2014-04-22T22:06:08.741+01:00

Eli,

A lot of information is used to create the calibration curve, i.e., to determine the relationship between measured C14 and the true age. When that relationship has been determined, the likelihoods of different true ages that correspond to a particular measured C14 value can be determined. Up to that point of the analysis no priors are used.

Priors enter if and when the likelihood values are used to determine posterior probabilities (a pdf or confidence intervals). Thus it's possible to perform the whole empirical work and present it's results in full without any reference to any prior. The limitation of that is that the results are not probabilities but (relative) likelihoods. The likelihood curve need not integrate to one. Actually it's not appropriate to calculate any integrals of it, because that would lead to a confusion with probabilities.

Prekka, the stylized curve that Lewis uses hides a...

2014-04-22T21:47:35.292+01:00

Prekka, the stylized curve that Lewis uses hides a lot. It forces a strong peak in the prior where the wiggle is in the center. It would do so where there is any wiggle, and indeed, because there are lots of wiggles in the real calibration data, you have to use metadata to get sensible answers and build sensible priors.

http://www.geo.arizona.edu/palynology/geos462/10radiometric.html

That part of my comment was purely semantic, i.e. ...

2014-04-22T20:50:42.685+01:00

That part of my comment was purely semantic, i.e. about understanding the meaning of the expression.

I don't think we have any disagreement on the content (on this point at least), I was just proposing a different way of using words. It may well be that my proposal was not a good one.

Pekka: The likelihood on the carbon date is fine. ...

2014-04-22T20:40:22.312+01:00

Pekka: The likelihood on the carbon date is fine. The likelihood on the calendar date is degenerate. The latter matters.

A degenerate likelihood implies a degenerate prior -- as it should -- and together they make a degenerate posterior -- as it should.

Fix the transfer function and all is fine.

Leave the prior out of it.

Isn't the problem rather a degenerate transfer...

2014-04-22T18:55:39.290+01:00

Isn't the problem rather a degenerate transfer function than a degenerate likelihood.

The likelihood derived from the empirical results is well defined. It's constant over wide ranges, i.e. it cannot differentiate at all between values in these ranges, but that doesn't lead to any technical difficulties or in any problems in interpreting directly the likelihoods.

All problems are related to the prior and they are serious specifically, when an attempt is made to use the Jeffreys' prior. That leads to an obviously nonsensical PDF.

Due to the flat likelihood function, any choice of prior has a strong influence.
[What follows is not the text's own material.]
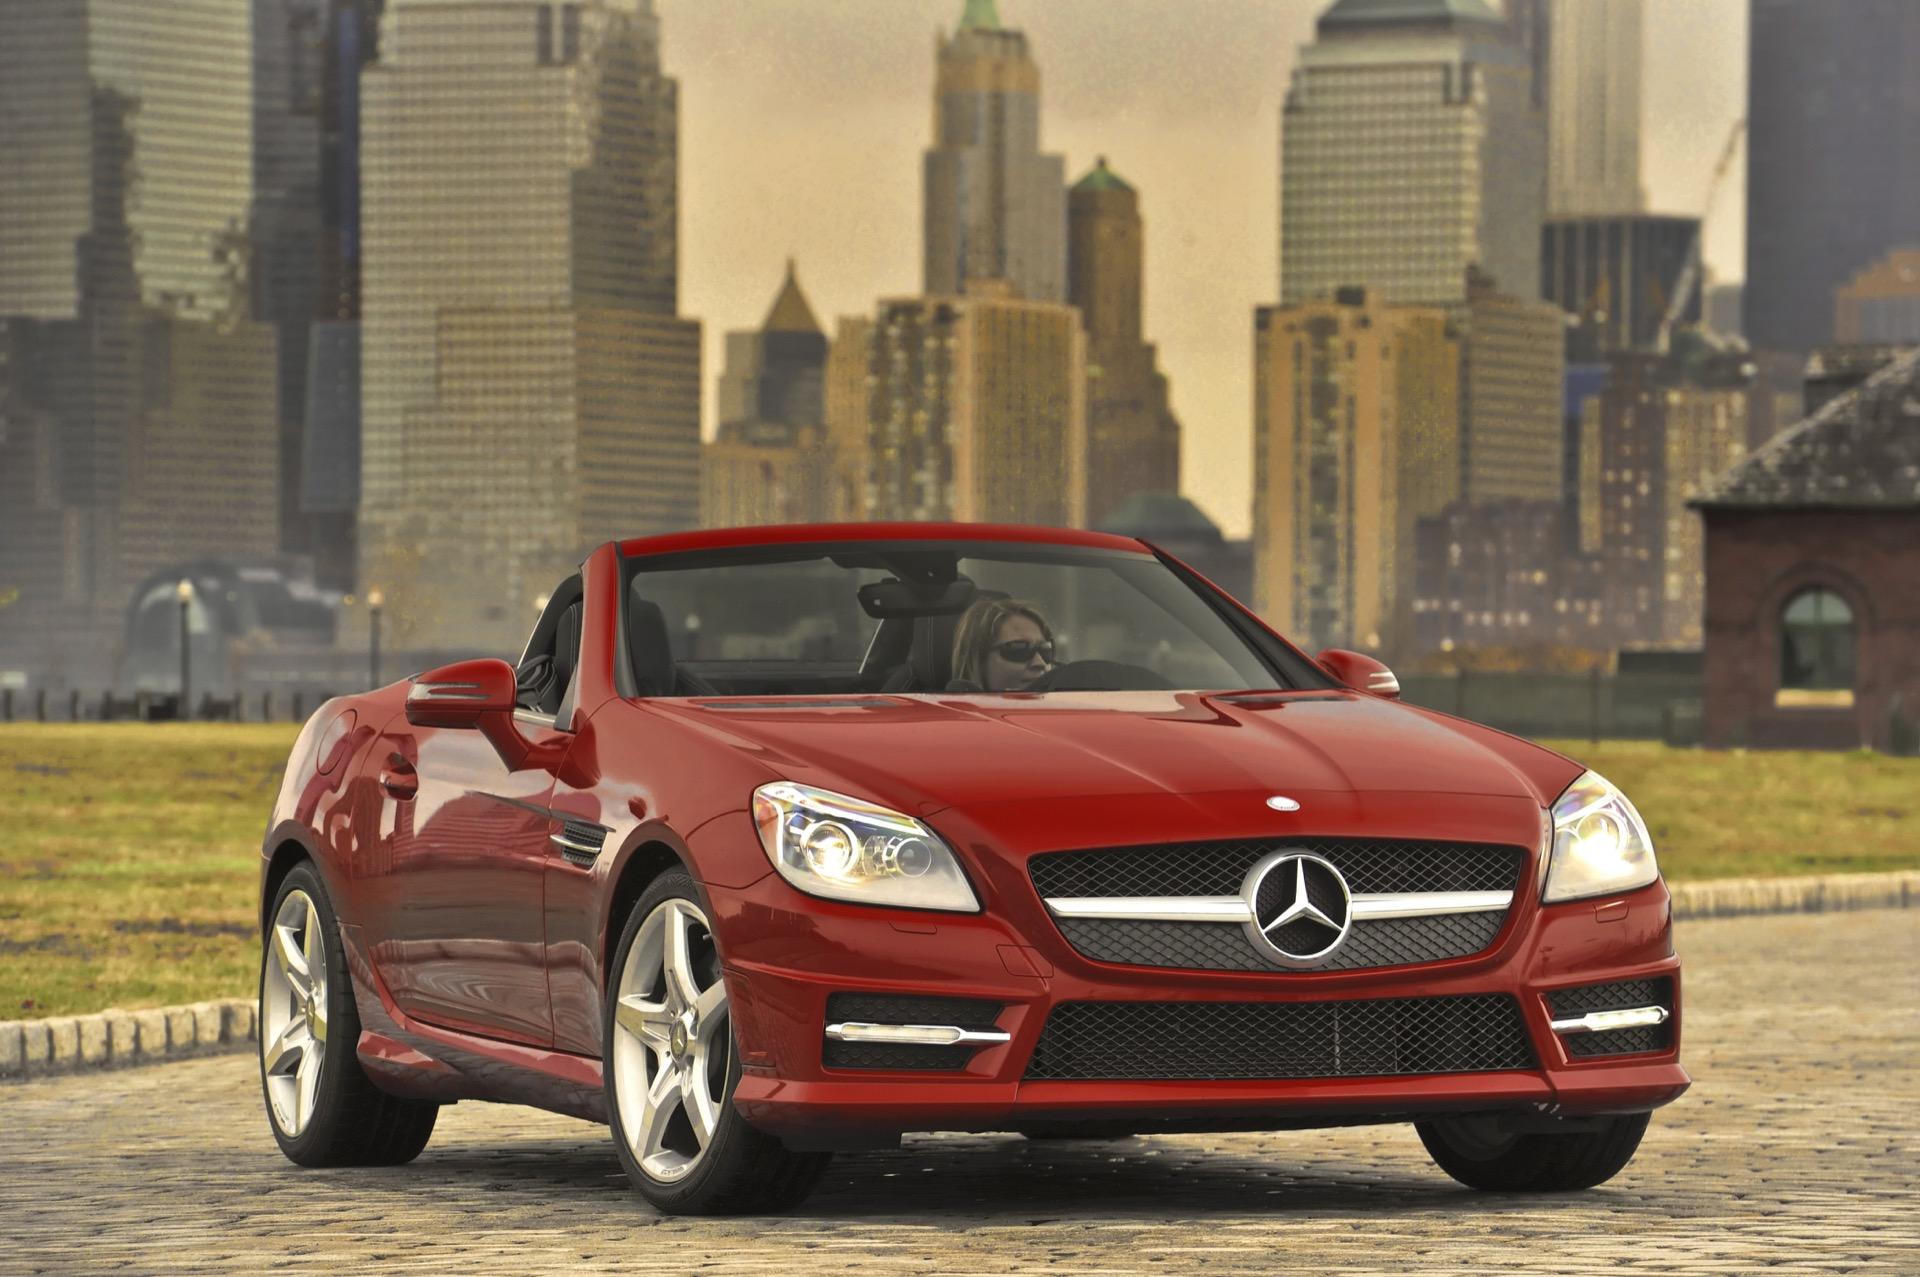 2016 mercedes benz slk class review ratings specs for Mercedes benz south atlanta service

That may be considered a problem, but it's a problem of priors.

Another way of describing the situation is that radiacarbon dating is useless as a tool for telling what the true value is within the range 500-950 years or in the range 1050-1700 years, and of limited value also in making a difference between these two ranges. This idealized radiocarbon dating is useful only for dates more recent than 400 years or in the range 1750-2000 years.

This is weakness of the method. It's not uncommon that various methods have good resolving power only in a limited range of the quantity to be determined.
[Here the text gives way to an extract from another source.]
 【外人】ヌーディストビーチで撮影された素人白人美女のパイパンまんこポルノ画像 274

While the discussion here and elsewhere focuses on...

2014-04-22T18:27:08.255+01:00

While the discussion here and elsewhere focuses on choice of prior, the problem at hand is a degenerate likelihood.
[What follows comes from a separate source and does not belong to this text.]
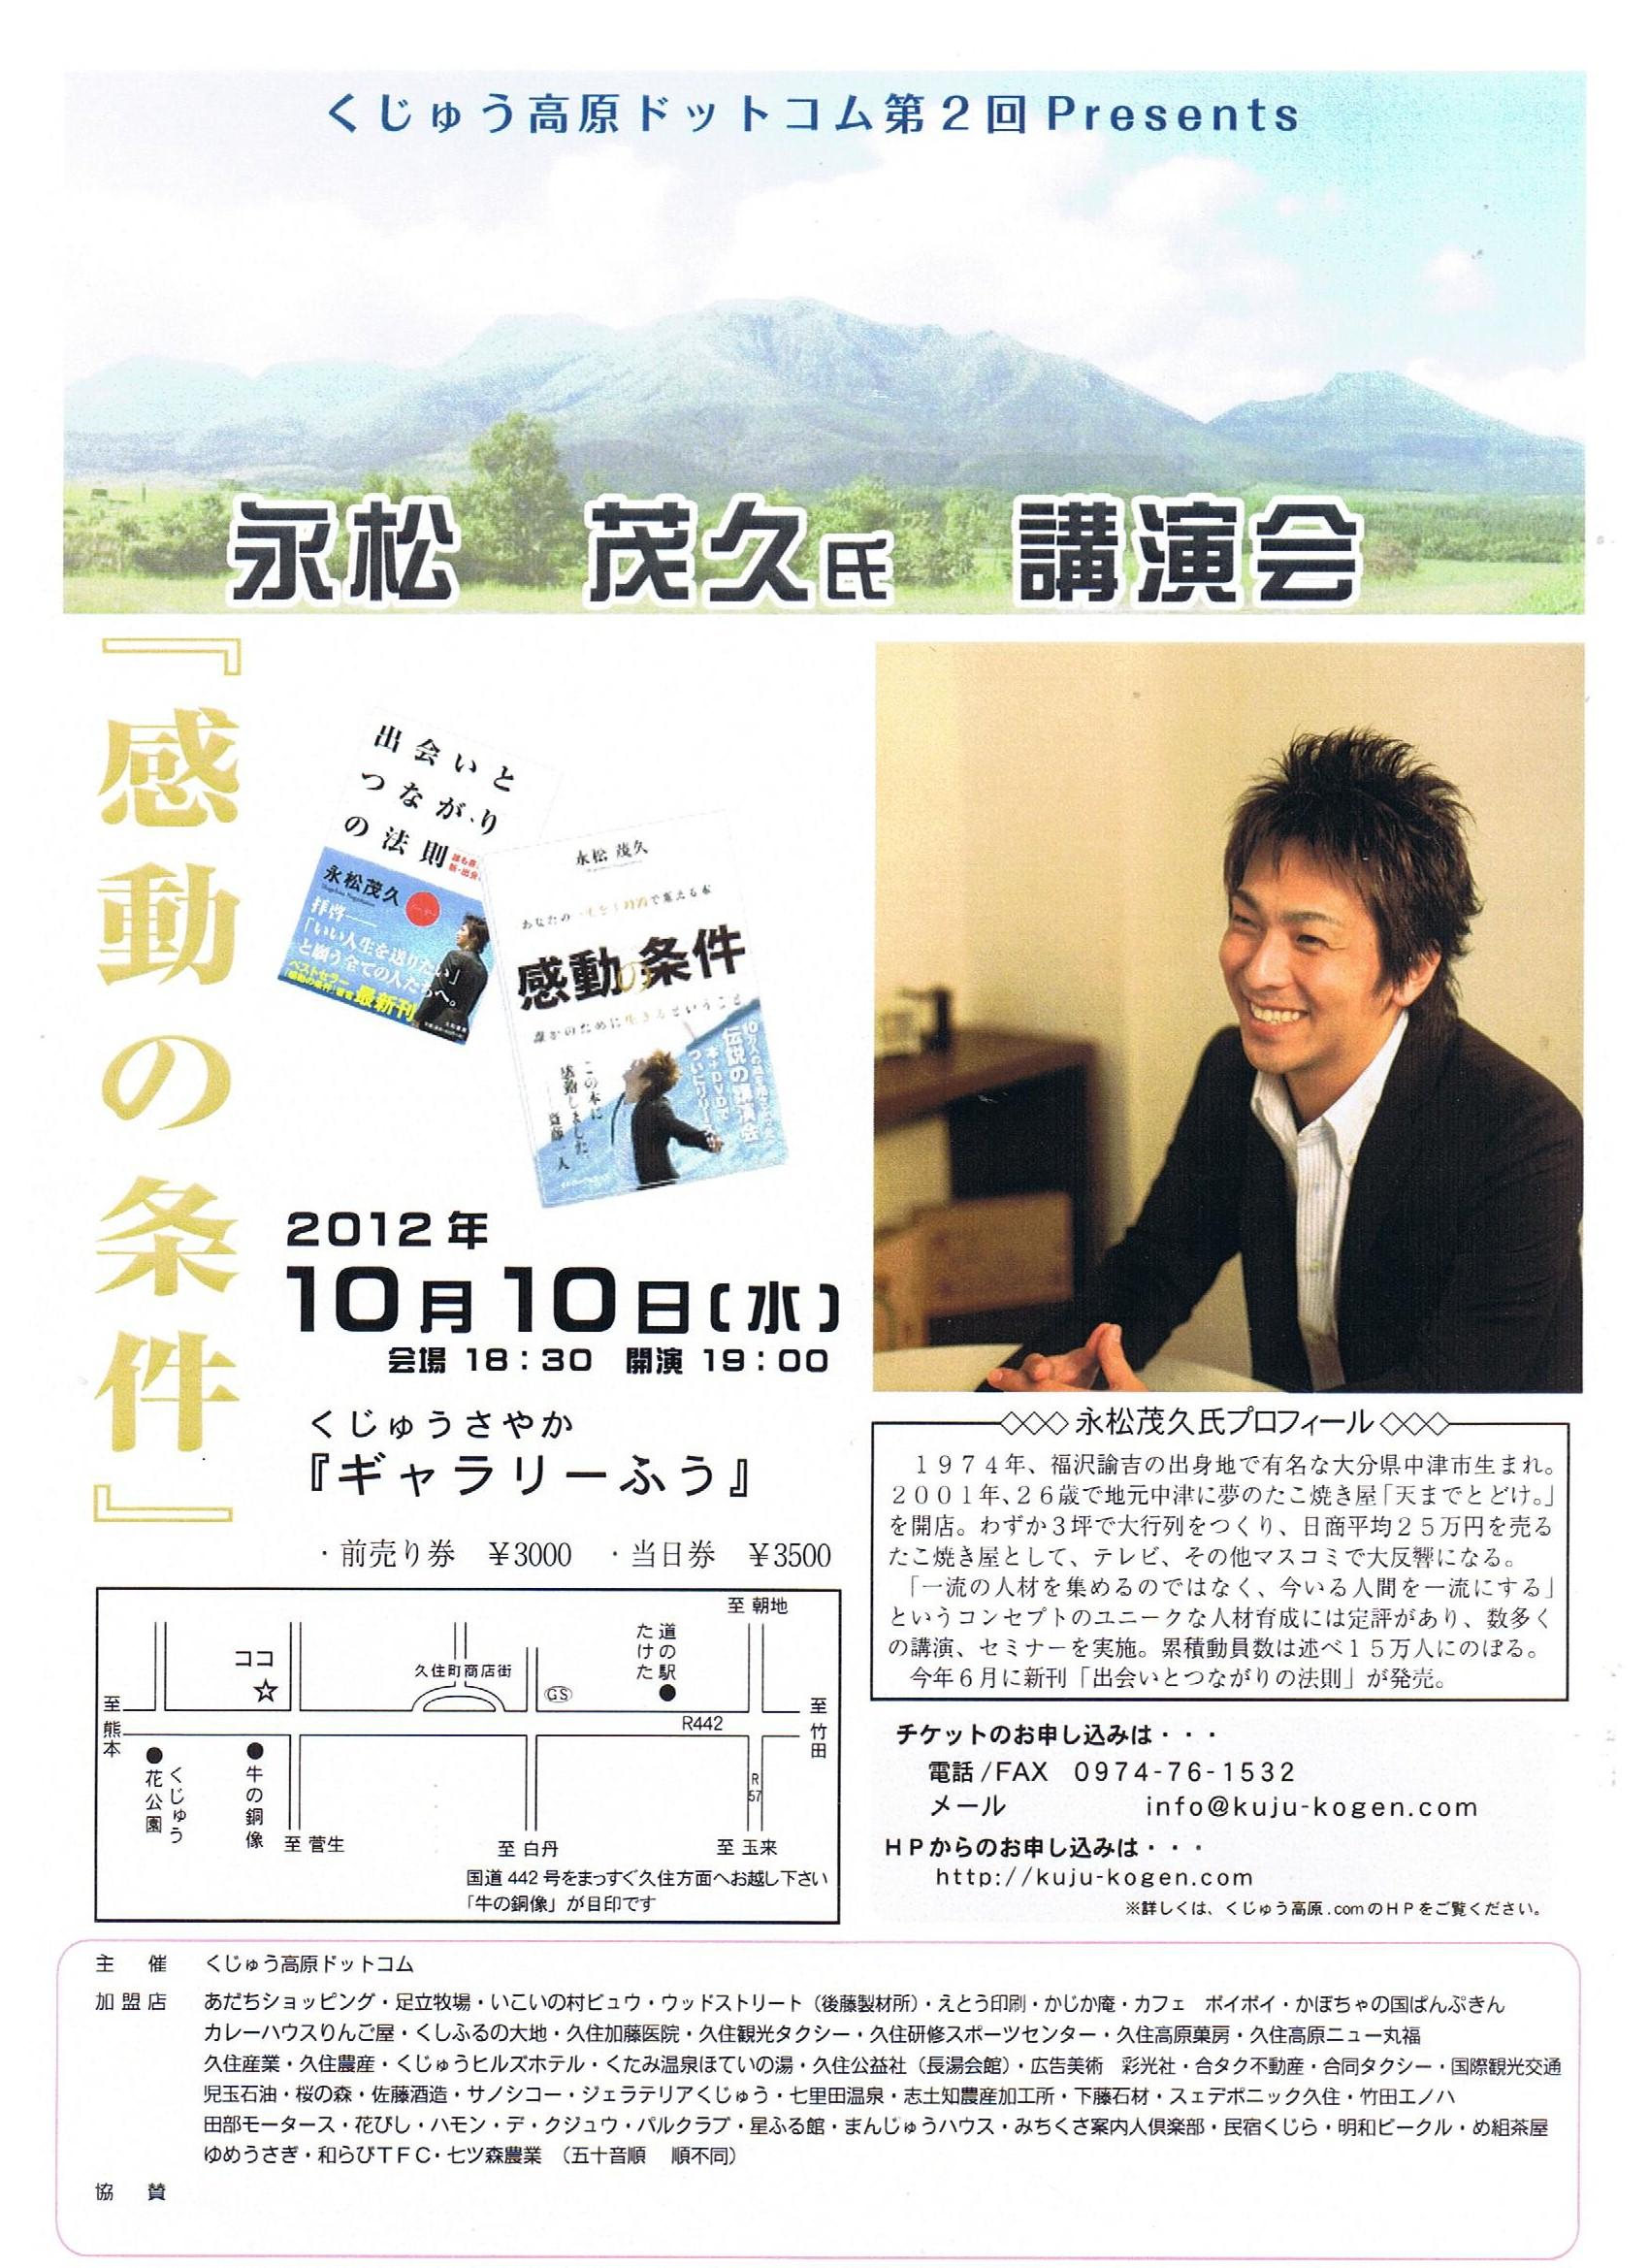 10月10日 永松茂久氏講演会のお知らせ

Using a prior to fix a likelihood is a bad idea.

I don't dare to give an opinion on, whether an...

2014-04-22T17:19:13.213+01:00

I don't dare to give an opinion on, whether any prior can be described as the square root of the determinant of the Fischer information, but many and very different ones certainly can.

The theory of Haar measures might give the answer for that question, but I know very little about Haar measures.

To me it's more significant that Jeffreys' prior may lead to nonsensical results. Being maximally noninformative with respect to some measure is not a useful property, if the measure is pathological, and I would call a measure that corresponds to the C14 values pathological, when the issue being studied is the determination of the true age of a sample.